Here again are links that do not denote a relationship between
different types of instance nodes, but give information about
a class node itself. The class node Color is a type of Category
Attribute.
Figure 7
Our network in Figure 7 now has a representation for information
about the item node 87481. For instance, it is a form of Ivory
which is manufactured by Procter & Gamble; it is the 22 ounce
size, white in color and competes in the Mildness market segment
of the liquid light-duty detergent category. This is one item
in one chain in one market. The database used in the Marketing
Information Center prototype has 100 items in five chains in one
market. Each item can be one of seventeen brands made by twelve
manufacturers which comes in seven sizes and eight colors and
can compete in one of five segments. This database is a pared-down
version of a scanner database for the Quad Cities market which
has many more retailers and a good many more items. The network
in Figure 7 becomes very complex with a 100-fold increase in the
amount of information.
None of the networks have shown any structural links among class
nodes, except for Figure 7 which shows only a subclass relationship
between Category Attributes nodes and various class node attributes.
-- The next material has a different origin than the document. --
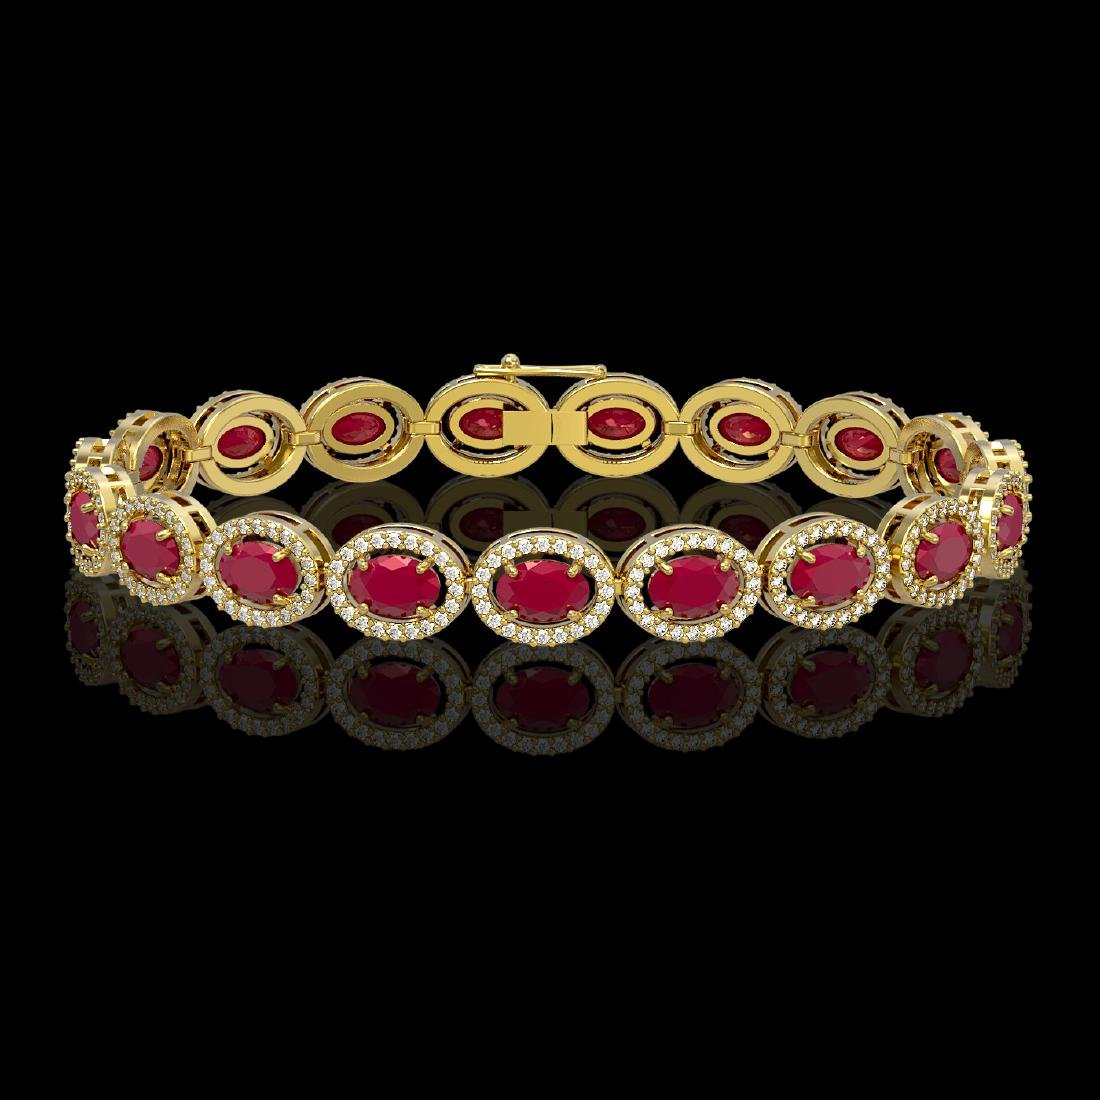 15.2 CTW Ruby & Diamond Halo Bracelet 10K Yellow Gold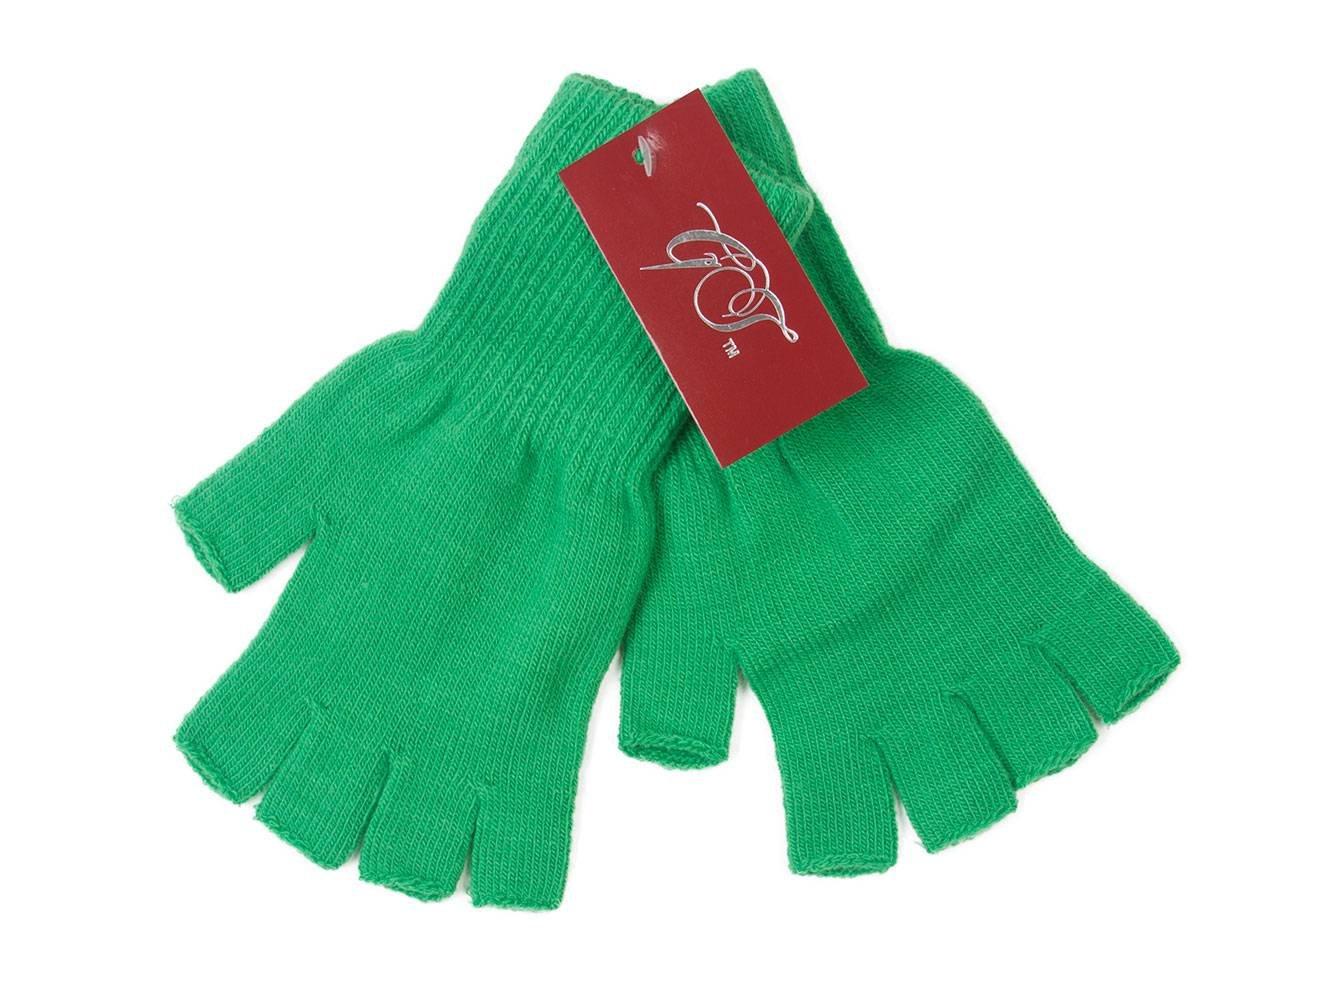 Gravity Threads Unisex Warm Half Finger Stretchy Knit Gloves Black Gravity Trading

Figure 8 shows possible structural relationships between class
nodes.
Figure 8
In this figure the instance nodes have been left out in order
to show more clearly possible relationships between classes. Remember
class nodes represent larger, more general concepts and just as
general concepts can have more refined sub-concepts, the particular
types of category attributes, such as Size, are represented as
a sub-class of the broader concept of Category Attributes as shown
previously. Notice that the class Category Attributes is a kind
of abstract class that probably would never have an instance node
tied directly to it. It can only have relationships to other class
nodes. So, general concepts are represented such as the concept
that there are Manufacturers who create things termed Brands which
are suppied to things called Retailers. Retailers are in an abstraction
called a Market and carry instances of Items. All of this is obvious
from the diagram. What is not so obvious is that the nodes themselves
can contain more than meets the eye. The Retailer node is a short-hand
notation for a bundle of concepts that make up a real-live retailer,
such as the fact that retailers have a headquarters and stores
and control shelf space, price and display. The links, such as
the one labeled “supplies” between the Manufacturer
node and the Retailer node, are really more like a co-axial link
than a simple arc. This particular link represents a bundle of
various relationships between Manufacturer and the abstraction,
Retailer. This detail is shown in Figure 9.
Figure 9
Another import characteristic of the node-link representation
is the implicit “inverse” of all relationships represented
by the directional arrows. If there is an arrow going from one
node to another, this also implies the reverse – that there is
an arrow from the second node to the first. In Figure 10, there
are the nodes labeled “P & G” and “Ivory”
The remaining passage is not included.